FTW and CanOz. Yeah I have a fair idea of what I want. The end game would be to have a group of portfolios that either generate enough to live off to or form a substantial part of my income in the future. I enjoy watching the markets but don’t want to be tied to the computer all day every day. Ideally (this is likely to change as I am still learning so much at the moment) I would like to have something like a long term growth portfolio, a system/s based portfolio/s and a speculative portfolio to satisfy the gambler inside of me. 

So now I need to answer the question that you have put up Can Oz. I can rule out multiple strategies for now as I do not have a capital. So the question becomes which strategy do I start with that will allow me to have multiple strategies in the future?

Springhill. Must not use sarcasim when typing, I was deinately not offended by what tech wrote. I enjoy his banter and look forward to learning enough I can have a comeback of my own.

Qldfrog. Good stuff you have probably identified a few things that will save me money and time in the future. If I got lucky the first time with a punt it might have cost me years.

To the conversation regarding gut feel, looks like I will have to do some serious self reflection. Although as soon as real money is in play it will probably blow all the nice little theories that I have out of the water.

Peter you make some very good points and it sure seems my initial approach was wrong, or at best wrong for someone with experience and bankroll.

TH and tech, I actually find your banter pretty entertaining so I take it all with a grain of salt, especially there are some nuggets of gold in there.
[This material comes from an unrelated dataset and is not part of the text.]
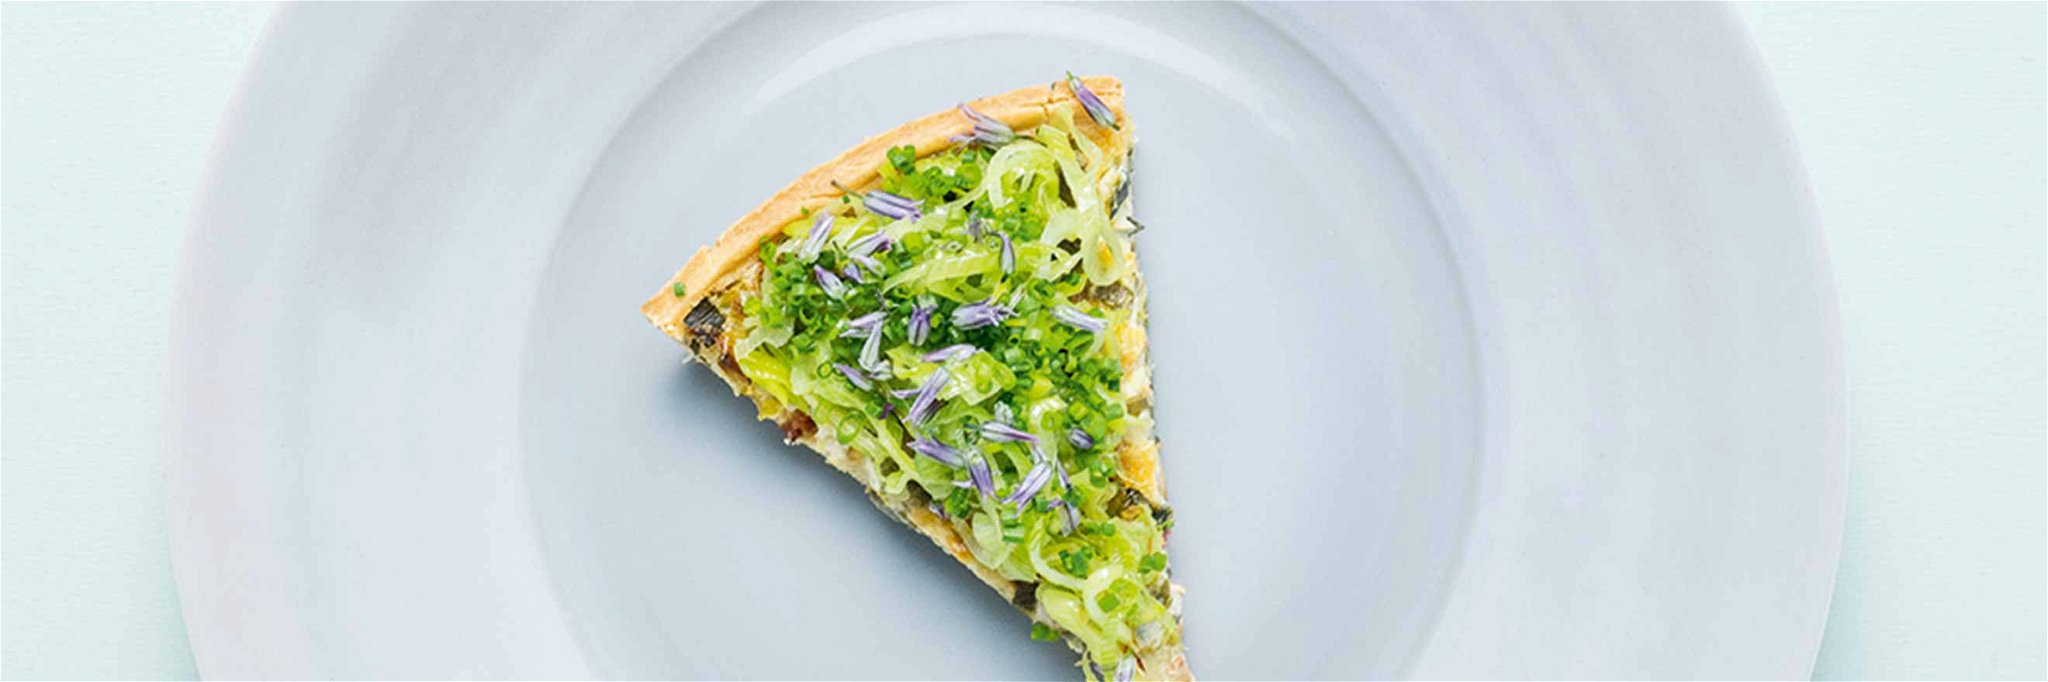 Leek Quiche with Chives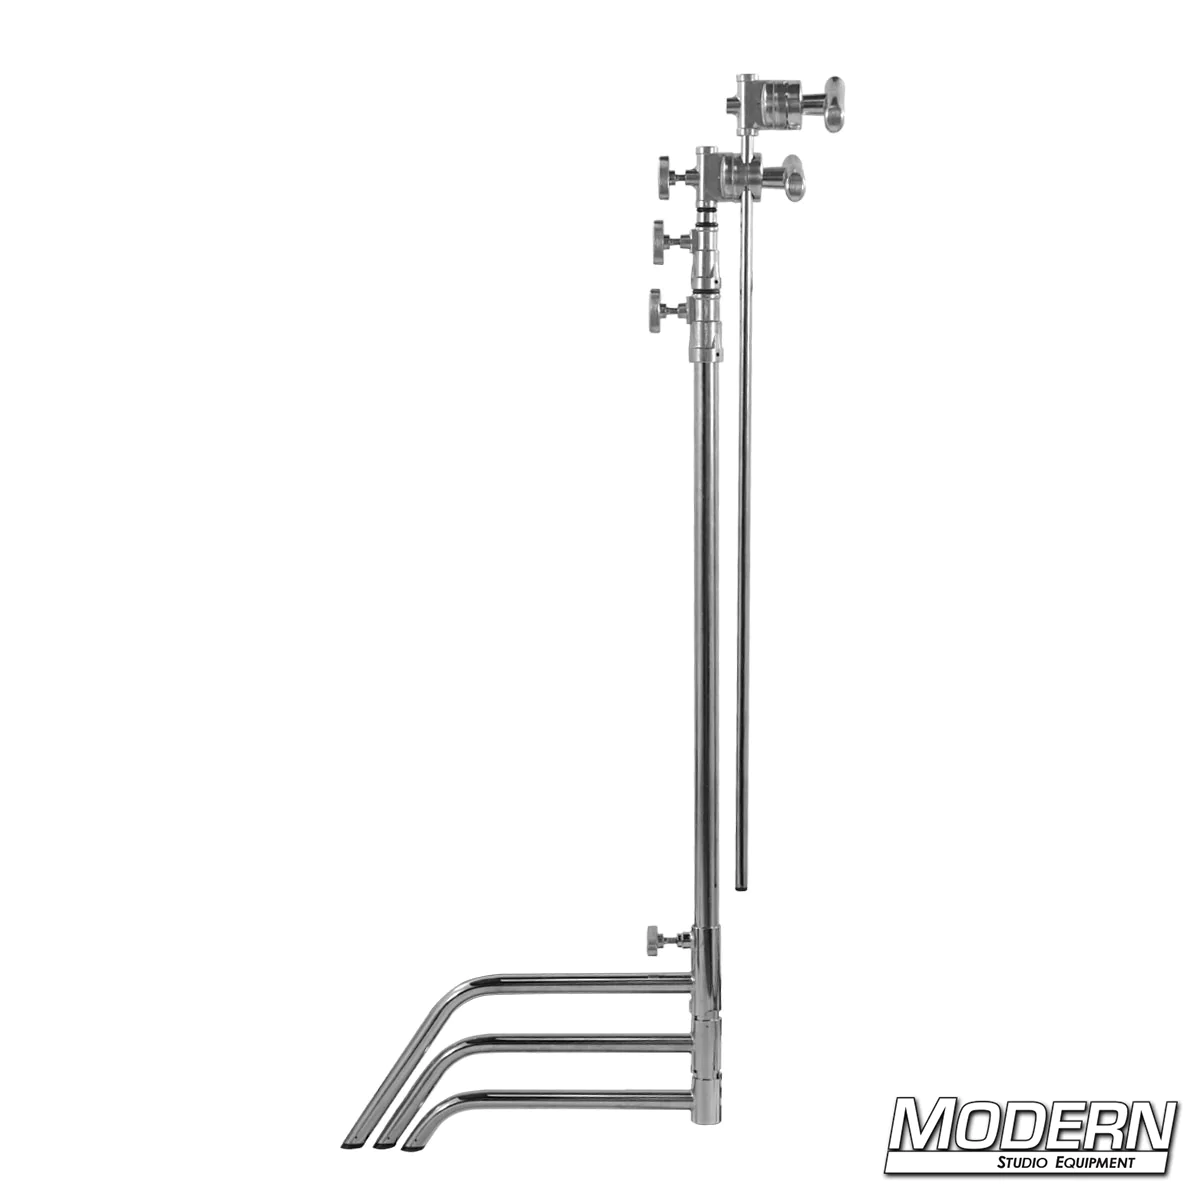 40" C-Stand Complete With Grip Head & 40" Extension Arm (Norms Brand)

Plus hopefully ill get to stage where I can reply with something equally as witty/smart assy.

I have read many many of your posts and will continue to do so. I don’t think you will answer some of my question anyway but I am sure my answers will be in there somewhere. 

I would a reply to this one. If trading is a zero some game and if its not id love and explanation to how it is not. I would think it is more like 99.5% are losers?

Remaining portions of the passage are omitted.